There's danger in taking fractal structures and blowing them out of 
human scale in architecture, however, according to Salingaros and 
Padron.  This might help to illuminate in some way Pynchon's 
depictions of and allusions to Nazi architecture in GR.

Salingaros:
"Another point is the scale on which the fractal dimension is 
measured: great urban environments use fractals on the human scale, 
whereas dead environments deliberately remove them. For example, a 
colonnade is useful when the intercolumn spaces are roughly between 
1m and 3m, i.e., comparable to the human scale of movement. Monstrous 
spaces of more than 5m between columns alienate the user. For this 
reason, flat, smooth buildings that are aligned and spaced 20m apart 
may resemble a fractal line on paper, but they so far exceed the 
human scale as to be totally alienating. They are not fractal on the 
human scale, which is what is important."

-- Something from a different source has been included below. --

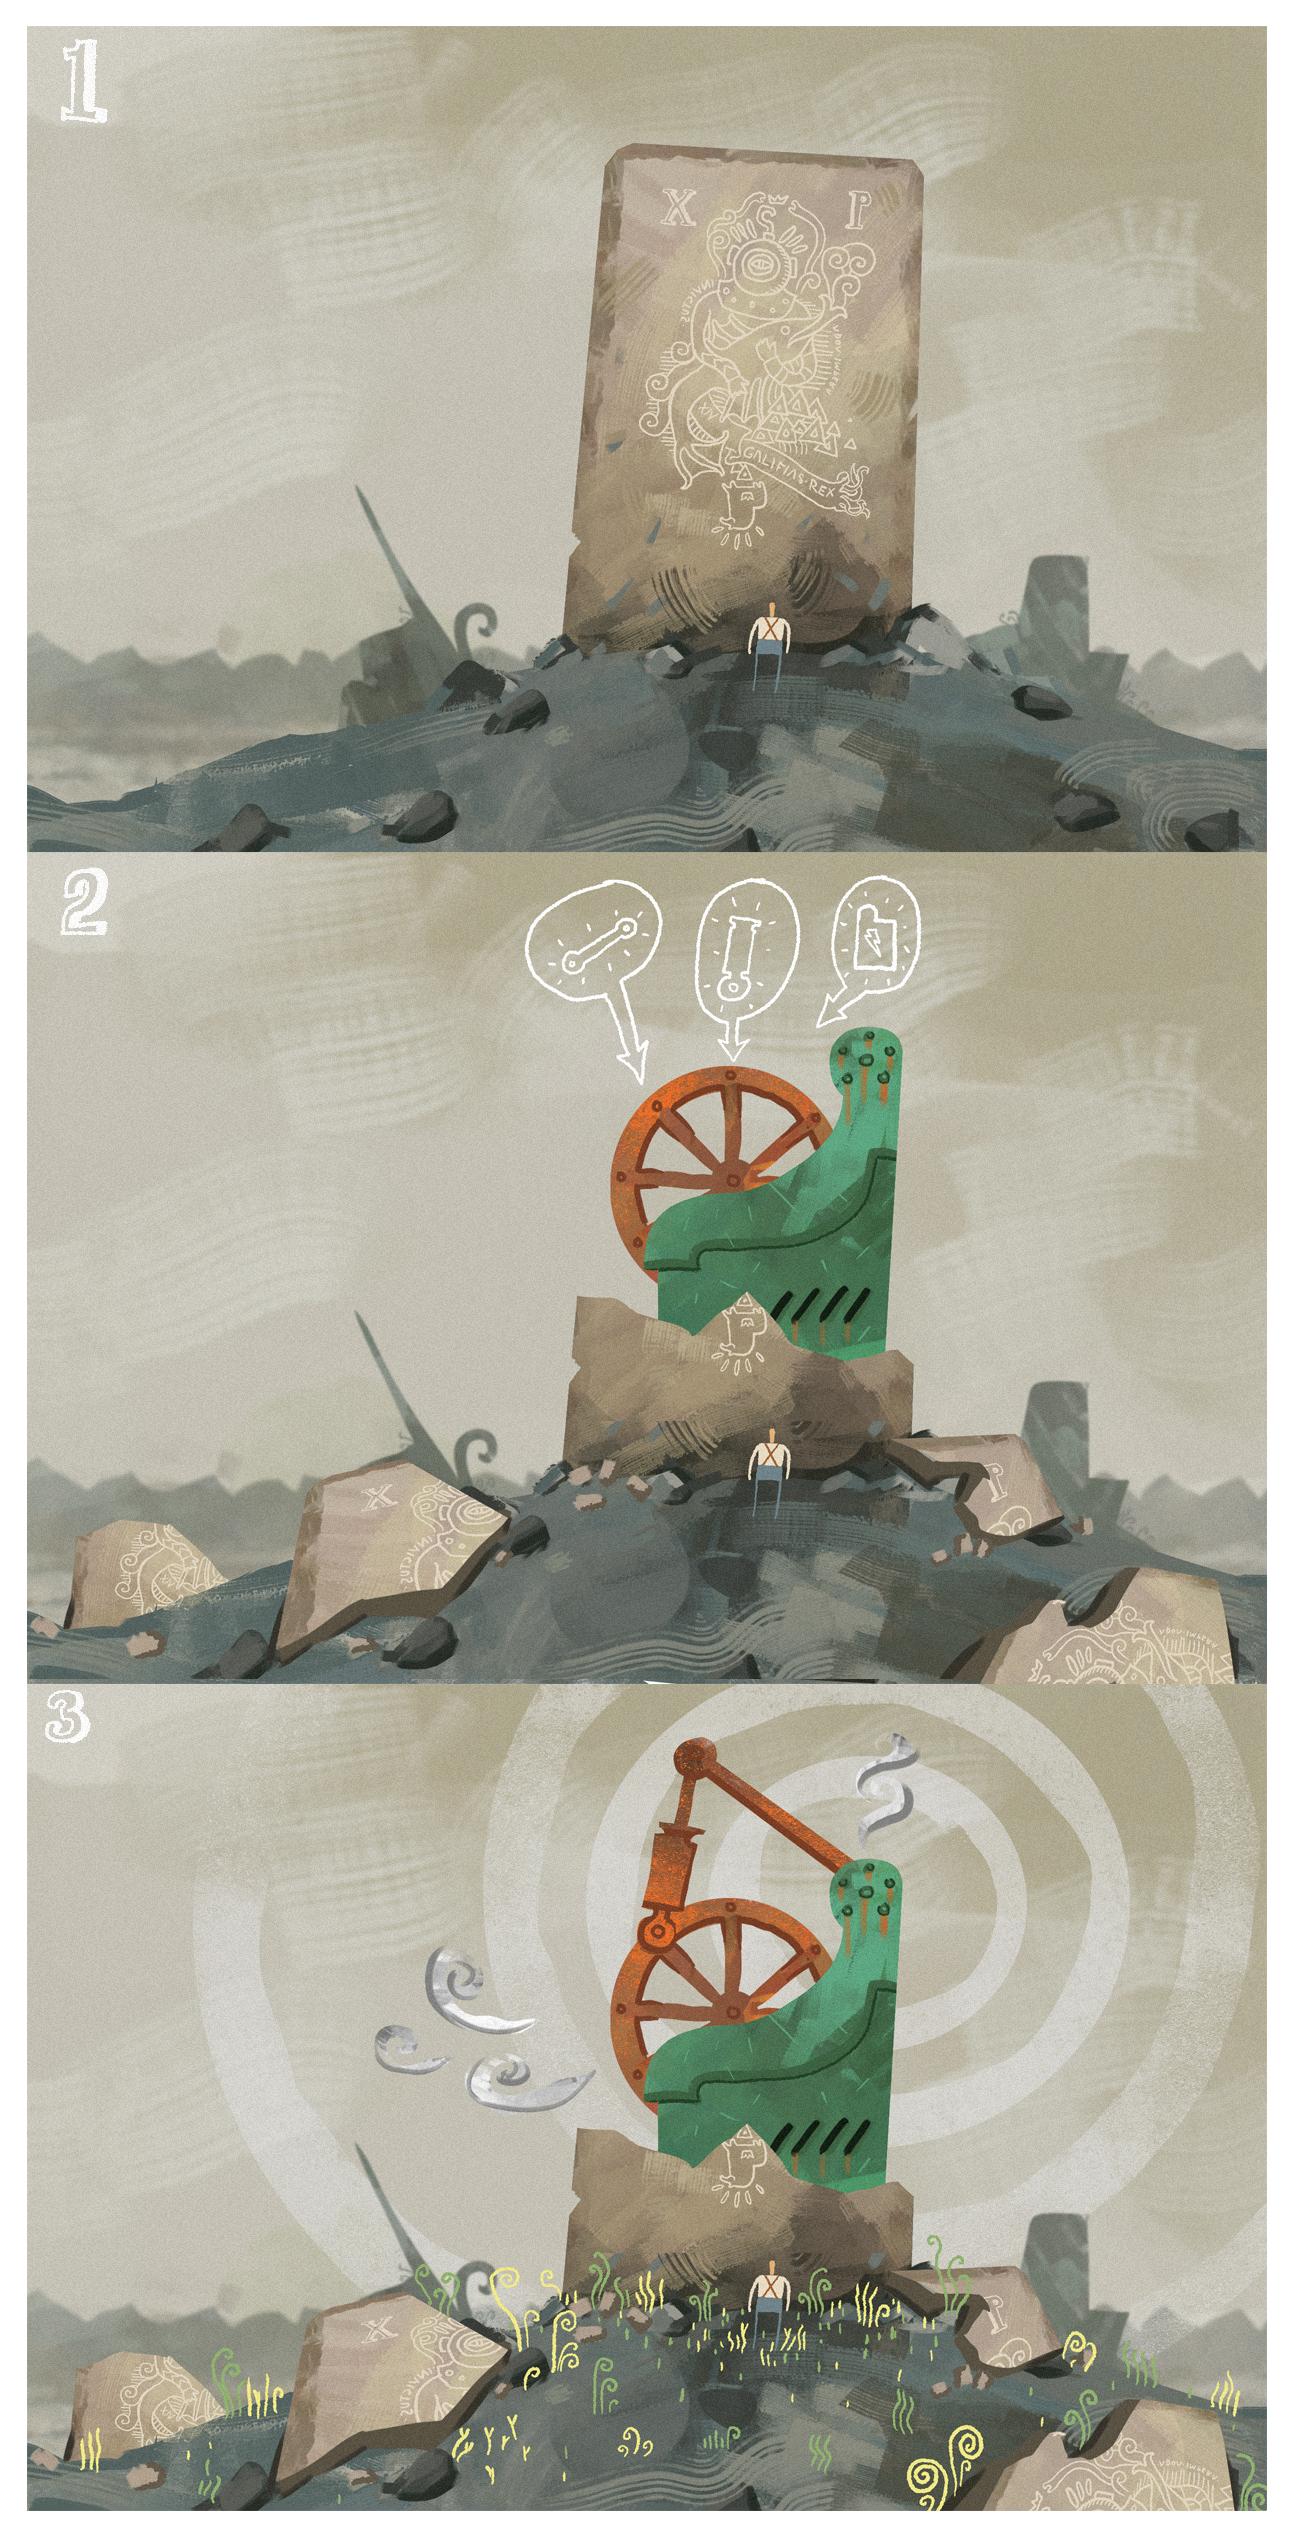 Hidden Machinery by Marcodalidingo
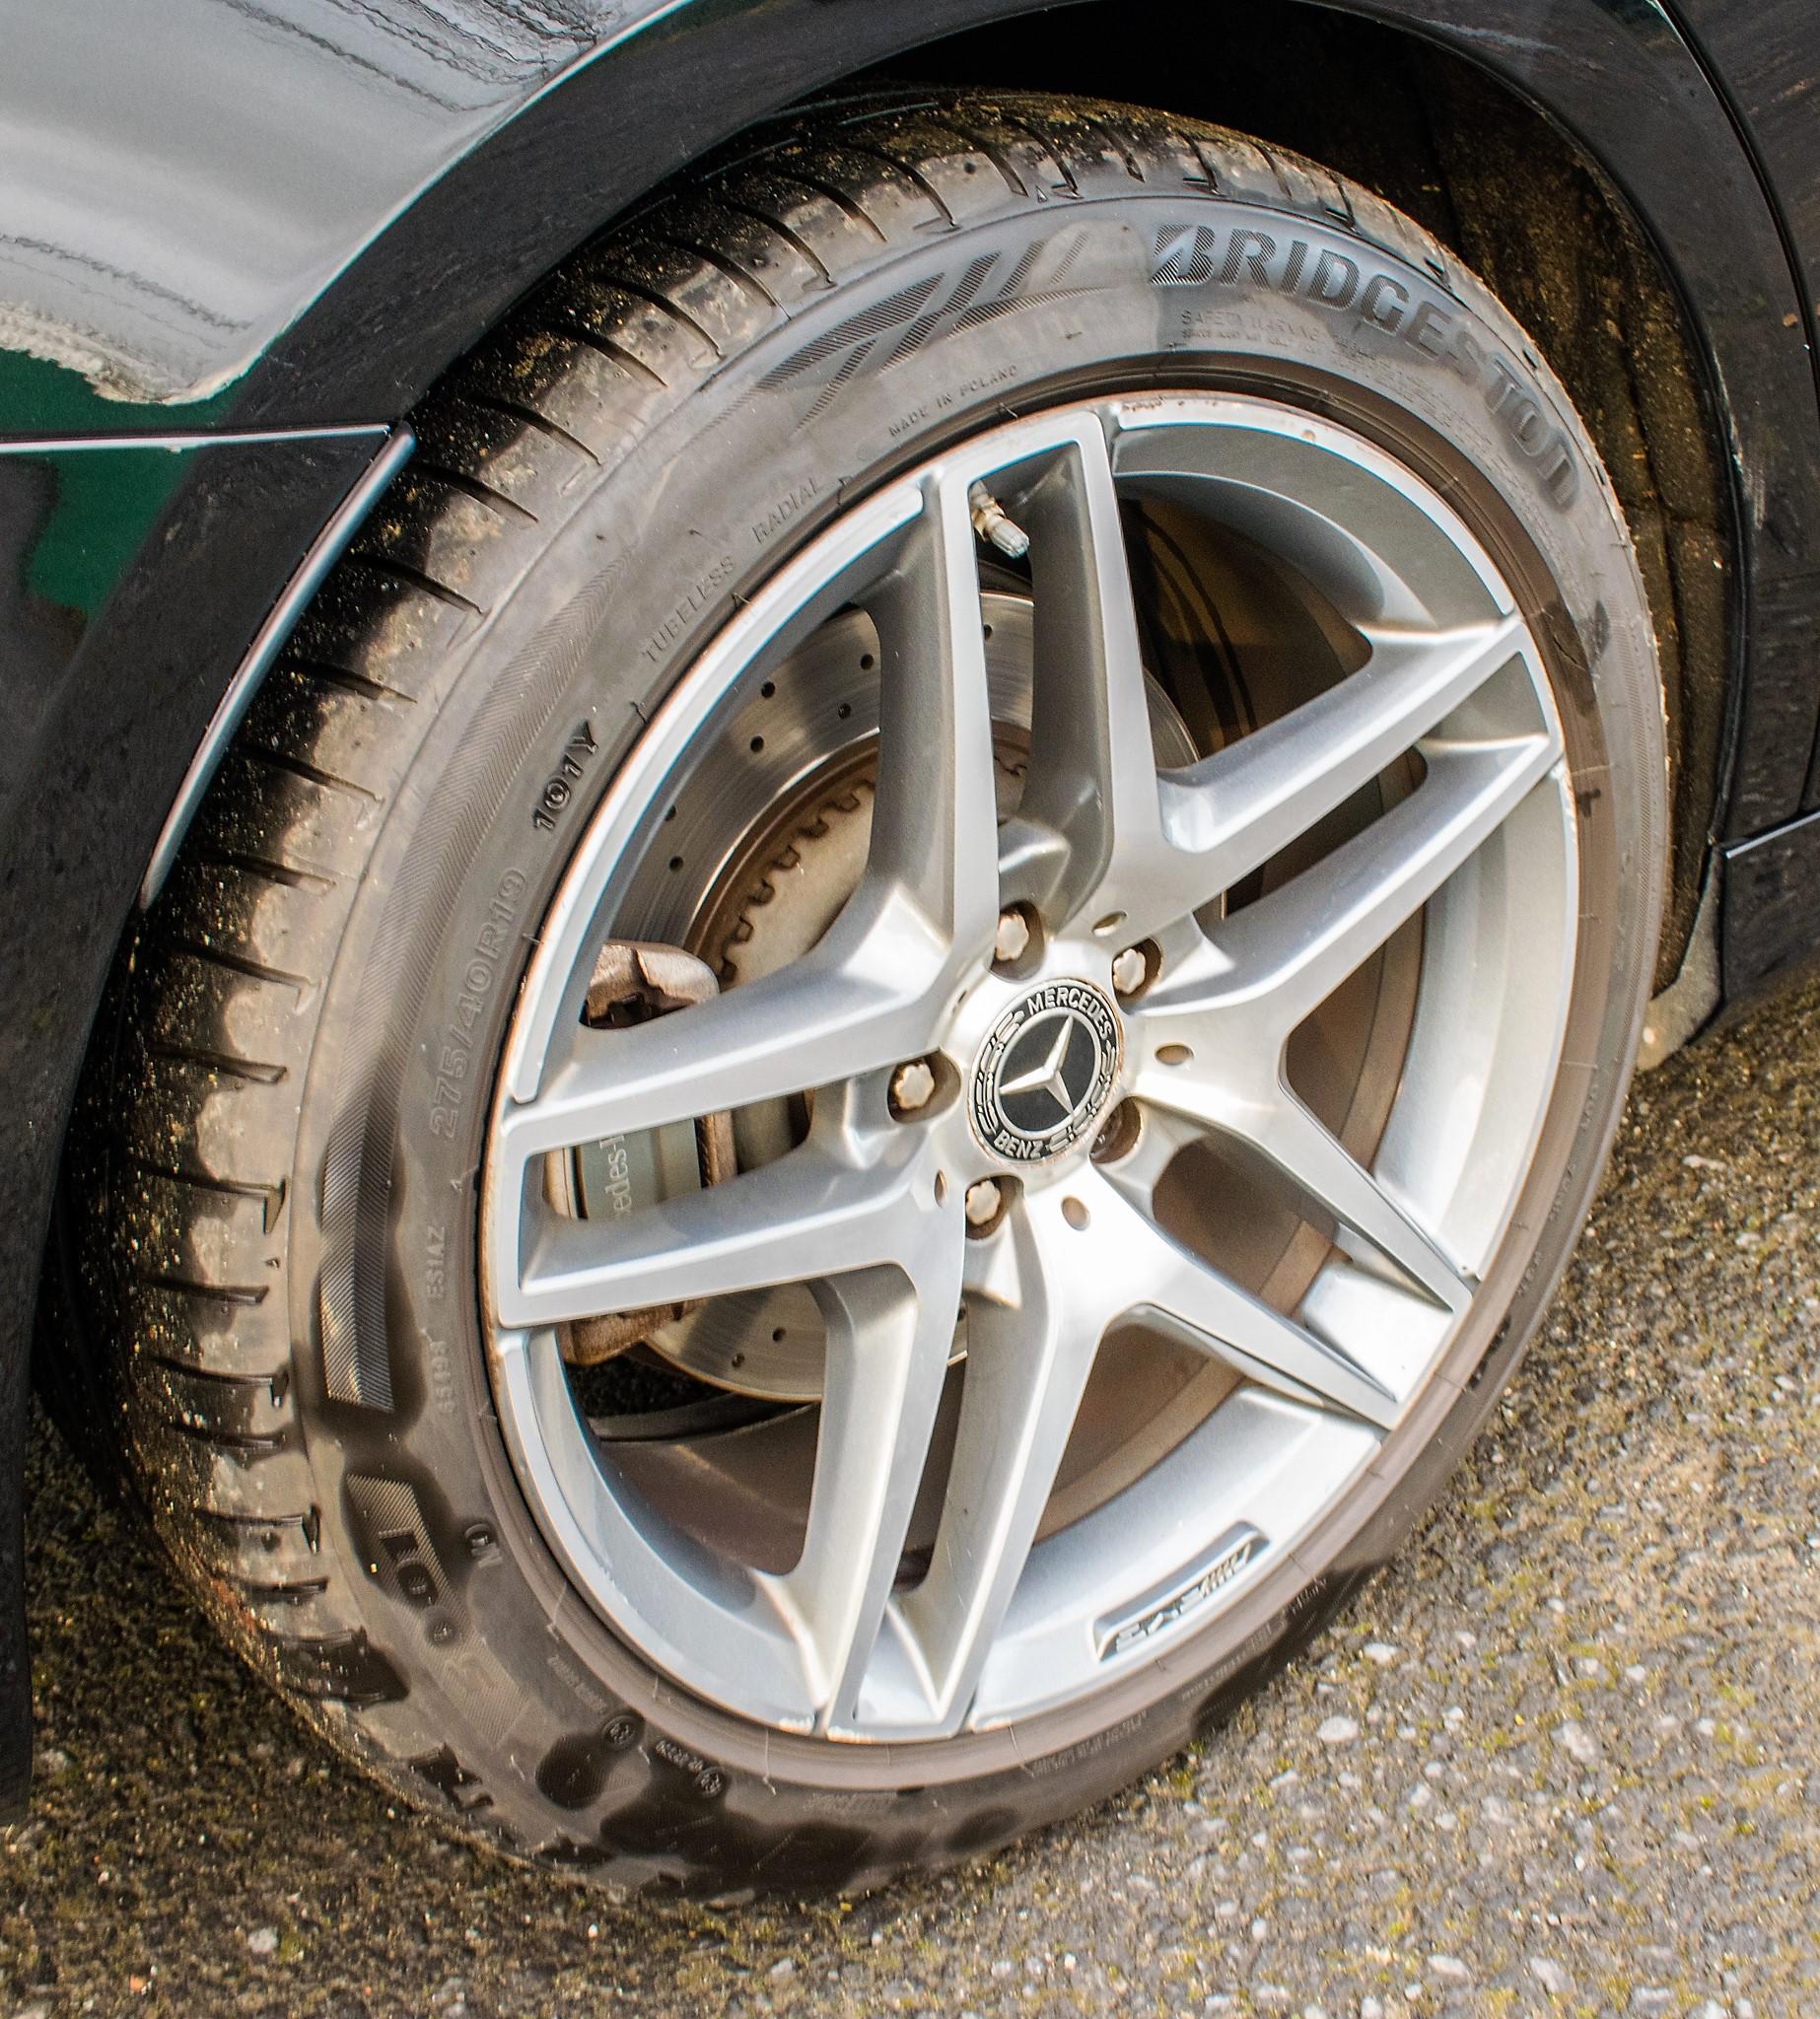 Mercedes Benz S450 L AMG Line Executive auto petrol 4 door saloon car Registration Number: FX68 - Image 15 of 33

In past posts, I've wondered what Pynchon's specific beef with real 
estate developers might be -- he or his narrators dis them in 
Vineland and in Mason & Dixon if I recall correctly. And isn't it in 
COL49 where he or his narrators compare a city to an integrated 
circuit design?

Salingaros:
" The simplistic modernist ideology has destroyed our cities, by 
removing urban complexity. That is analogous to trying to simplify an 
organism by removing pieces of its body that you don't understand -- 
you will be left only with its skeleton. [....] After decades of 
education that conditions us to worship 'alien' forms, and destroy 
natural ones, most of us are taught to side with the developers of 
dead suburbs and inhuman downtown megatowers."